(DATA BLOCK)

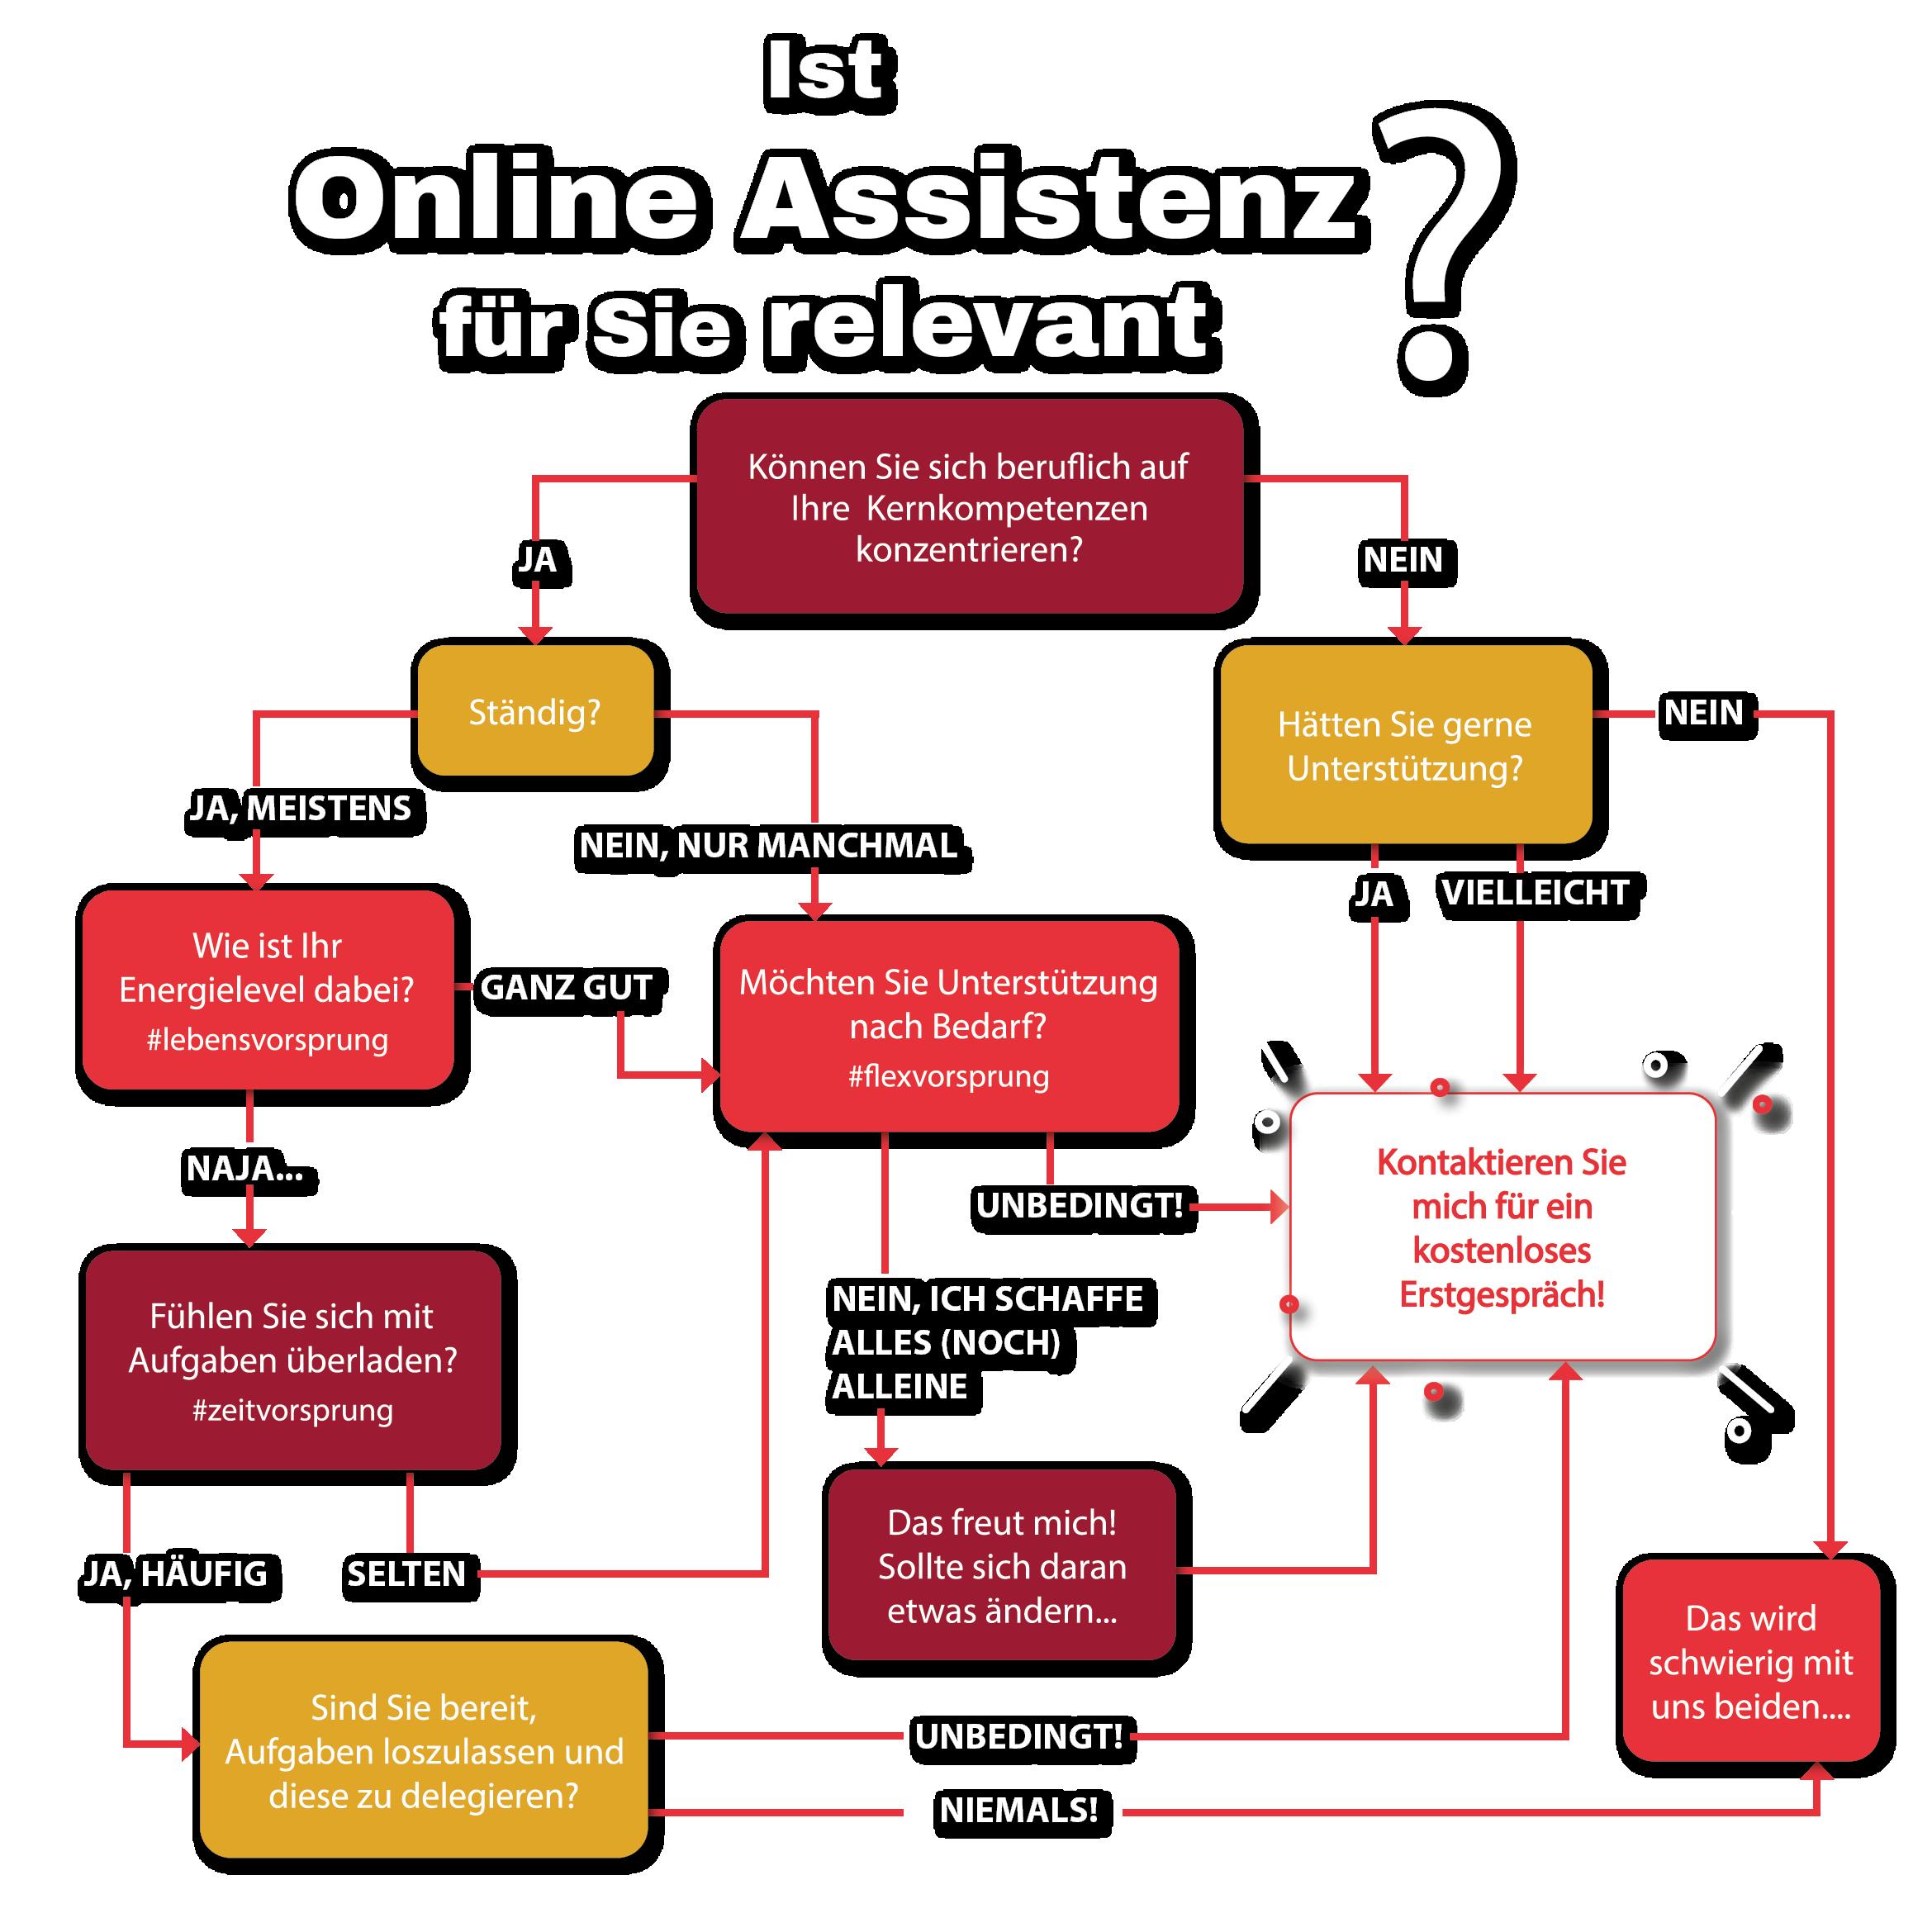 Flowchart Online Assistenz Bianca Baumgartner vorSprung Home Leistungen
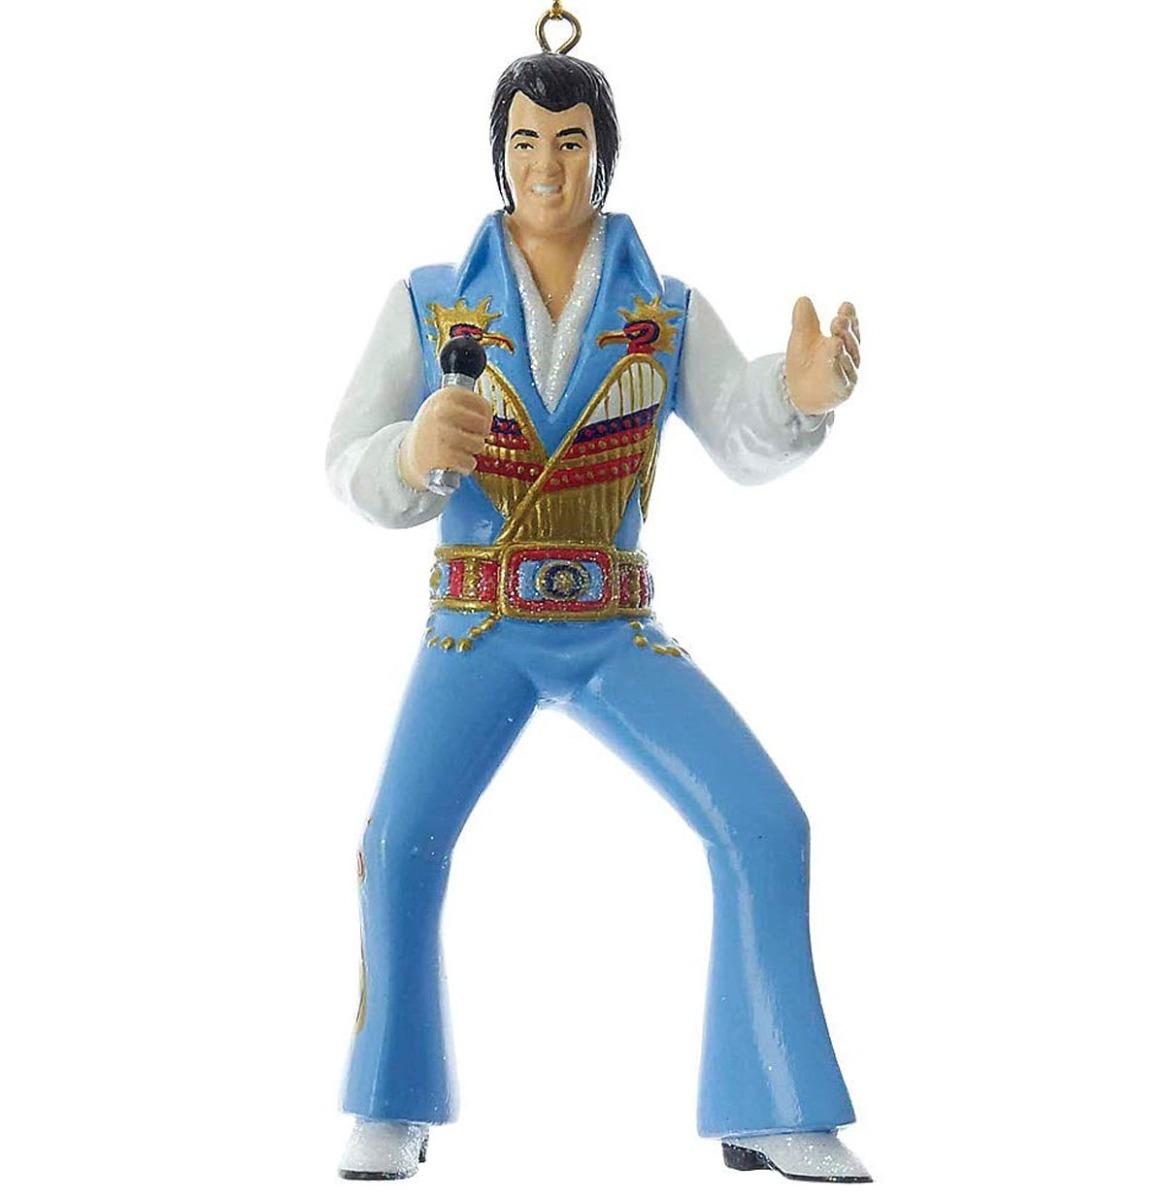 Elvis Presley In Prehistoric Suit Kerst Ornament
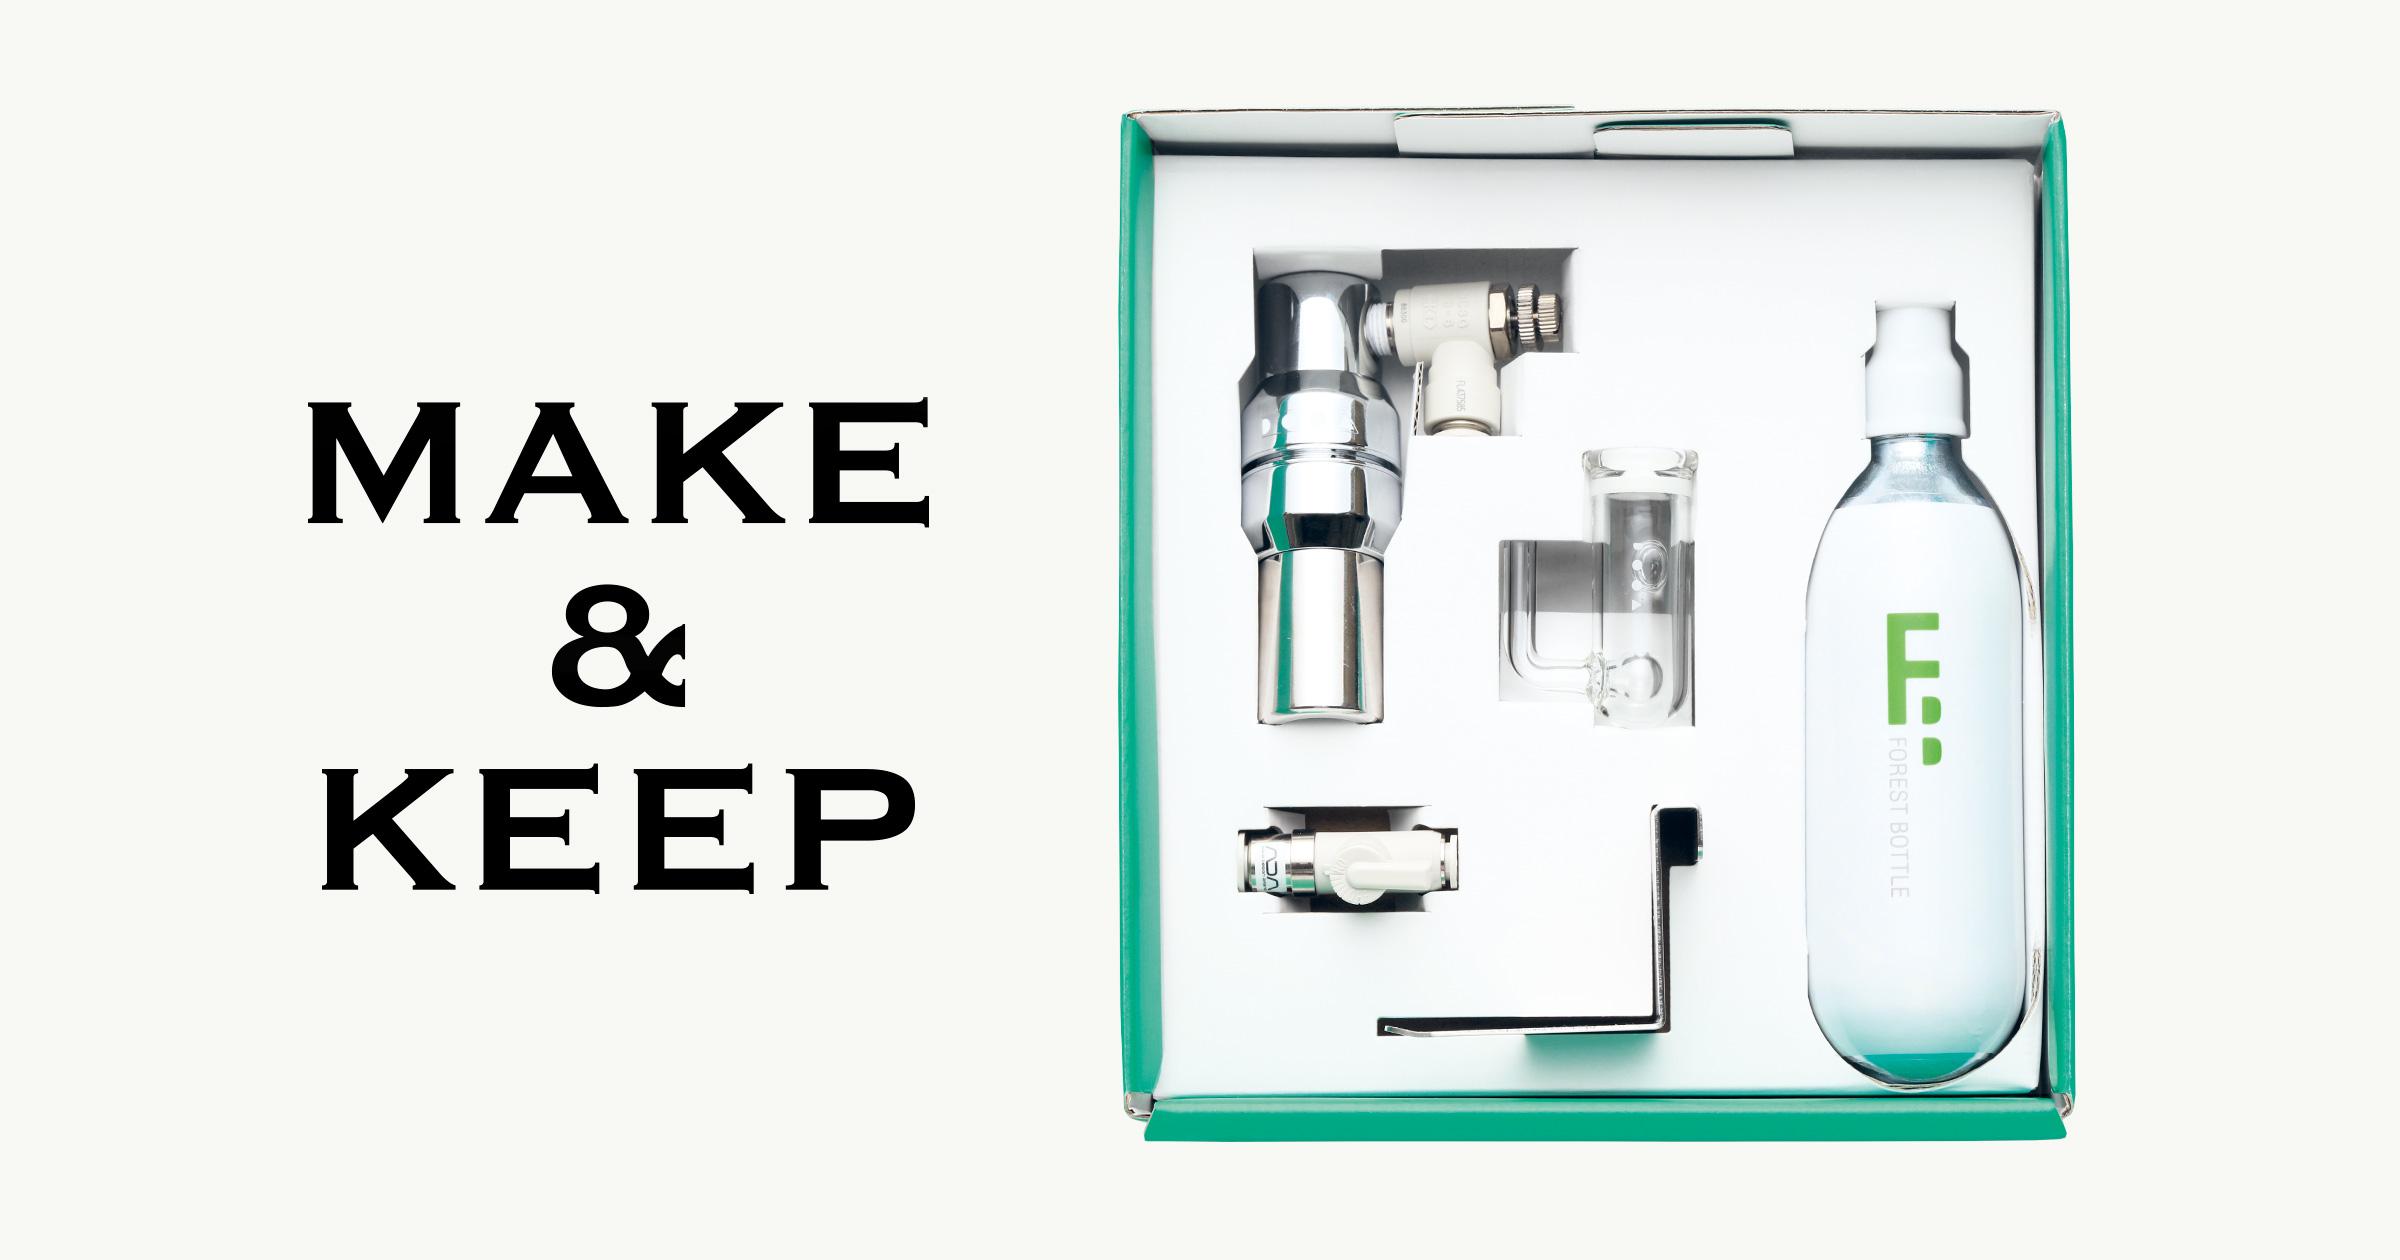 MAKE & KEEP 'CO₂ SYSTEM KIT'

(End DATA BLOCK)

PROBLEM
From the line containing "Elvis Presley In" down to the end of the listing above, every line is to be returned exactly, though the pictures are not.

RESPONSE TO THE TASK
 Elvis Presley In Prehistoric Suit Kerst Ornament
 MAKE & KEEP 'CO₂ SYSTEM KIT'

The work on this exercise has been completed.